Practical Ways to Carve Out Time for Self-Care

It feels like there aren't enough hours in the day to dedicate to work, family and other obligations — let alone self-care. But it's easier to prioritize your physical, mental and emotional well-being than you realize, a local clinical psychologist says.

In summer 2020, Elizabeth Muenk, a clinical psychologist at Horizon Counseling Services in Royal Oak and a mom of one, was dealing with her son’s complex medical issues in the midst of a global pandemic. The combination of stressors was impacting Muenk in ways she wasn’t completely aware — until one day when it suddenly hit her.

“I realized when I was making coffee that I was making coffee as if I was on a timer and it was a race to see who could make the fastest coffee on the planet,” she says. “And that snapshot moment was really helpful for me to notice that my body was running as if it was an emergency all the time.”

The stress was taking its toll and could have caused other issues. In fact, chronic stress can lead to chronic fatigue and irritable bowel syndrome, in addition to relationship and work complications, Muenk says.

“Honestly, I’m talking about the extreme when our un-wellness or lack of self-care affects every area of our life, but it’s not hard to get there with all these stressors, especially as a parent,” she says. “All of the support systems, all of those external places we used to find joy — those are not available for us right now.”

That’s why it’s crucial to carve out time for self-care, which is a conscious act to impact physical, mental or emotional well-being. Guilt about prioritizing your own needs may be inevitable, especially if you’re taking time away from family or a chore, but self-care is necessary, Muenk notes.

Investing in a new Peloton bike or fancy massage chair isn’t the only way to achieve self-care. In fact, it’s even simpler. Here’s how to get started.

Sparking joy and finding balance

Before you begin your self-care journey, it’s important to define mental health.

“I think it just means living a life that brings us some joy and has some balance,” Muenk says. “Those are abstract terms but I think it gives us an idea of where we’re going, and even though that means something different to all of us, it means something.”

Write it out. “A busy, stressed out mind is not a place that can have organized, orderly thoughts,” she says.

Write down the things you think should change in your life. The physical act of writing things out slows you down and helps you observe what you’ve just written.
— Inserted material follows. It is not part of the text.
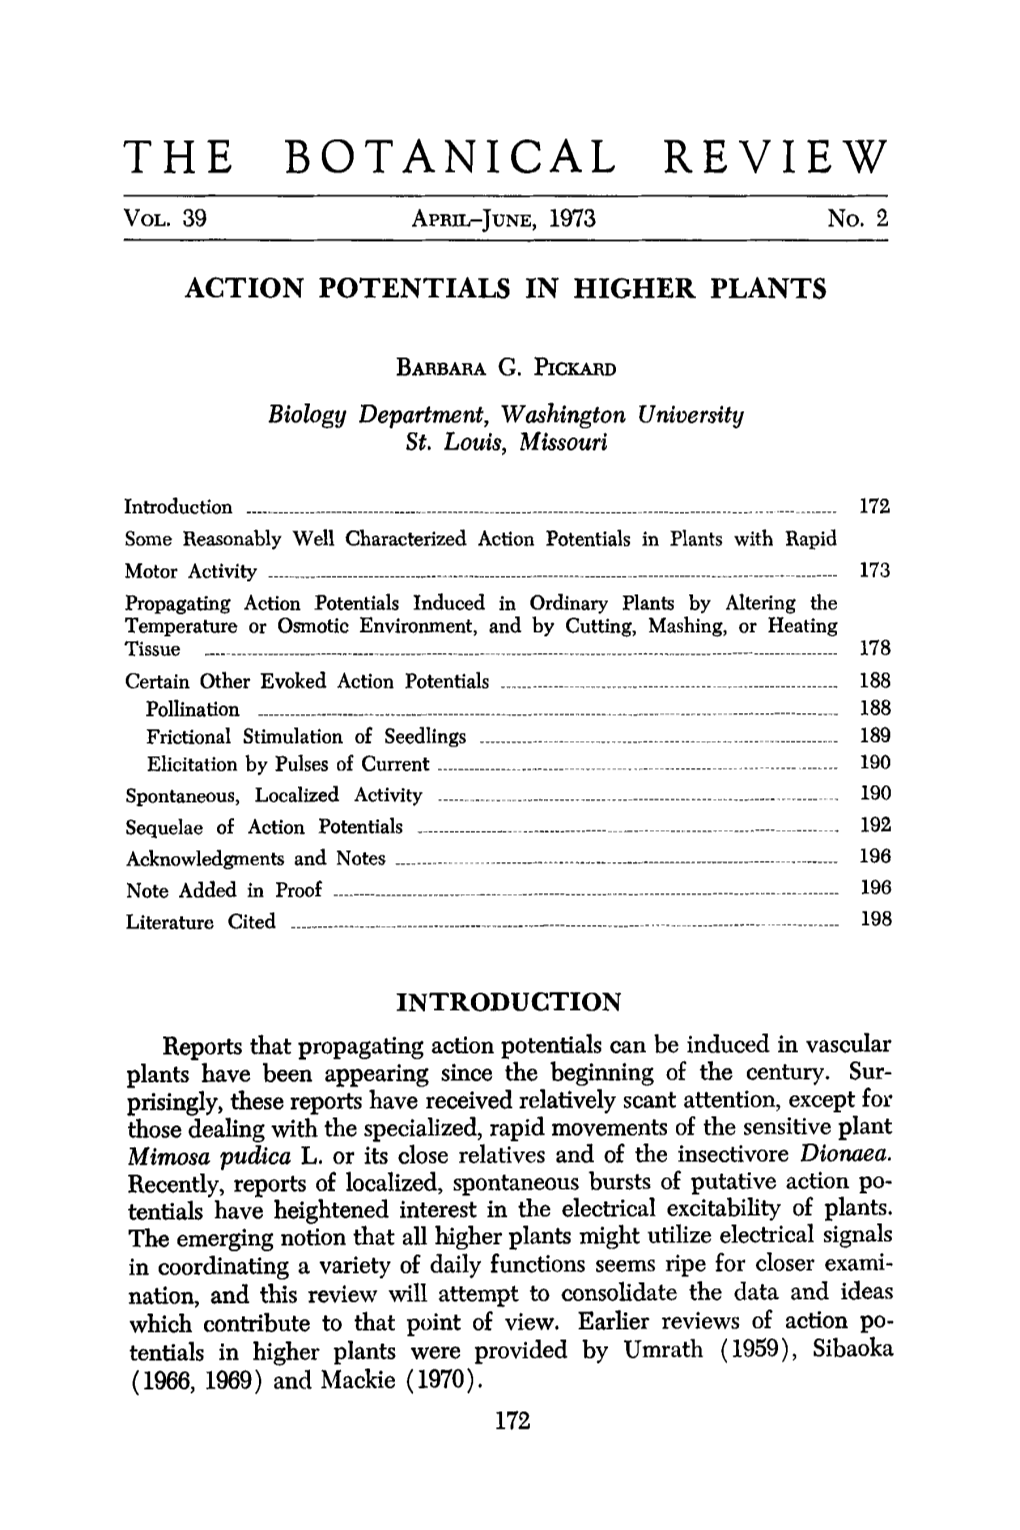 Action Potentials in Higher Plants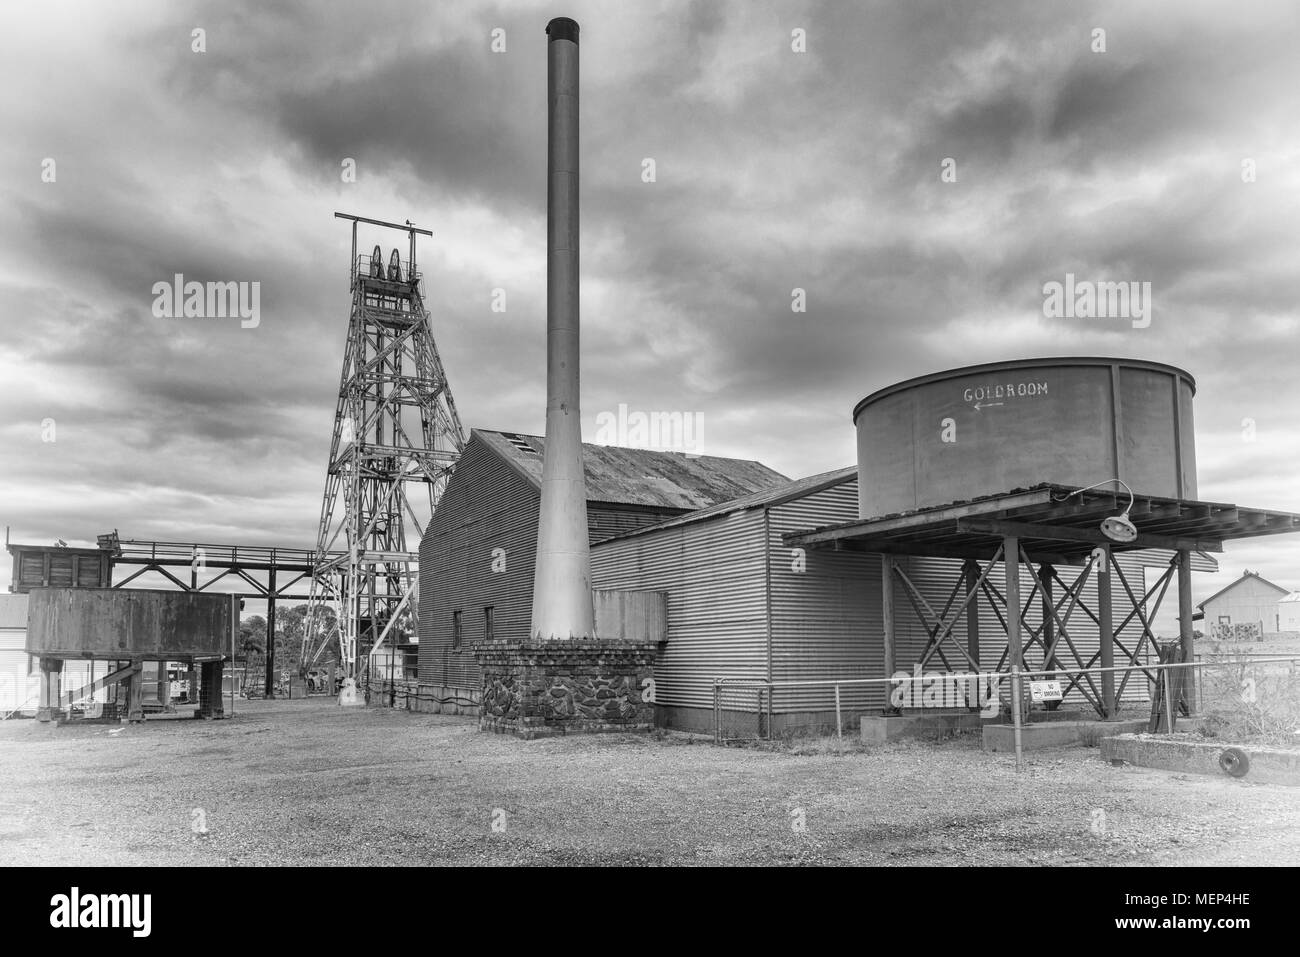 KALGOORLIE, Australia - 28 gennaio 2018: Pit telaio e impianto di una vecchia miniera d'oro in Kalgoorlie on gennaio 28, 2018 in Australia Occidentale Foto Stock

Chart it out. Draw a pie chart and separate it into slivers. Each sliver should be labeled as an area of life — work, marriage, social, parenting (you can make it specific to different children in the house), fun, pleasure, health (can include physical, mental, spiritual) and family. From here, do a simple check-in with each area, Muenk suggests. Rate the stress, imbalance or dissatisfaction in each area of your life from one to 10. In this case, one is “no stress” while 10 is the most stress. The goal, she notes, is to fluctuate around five or six.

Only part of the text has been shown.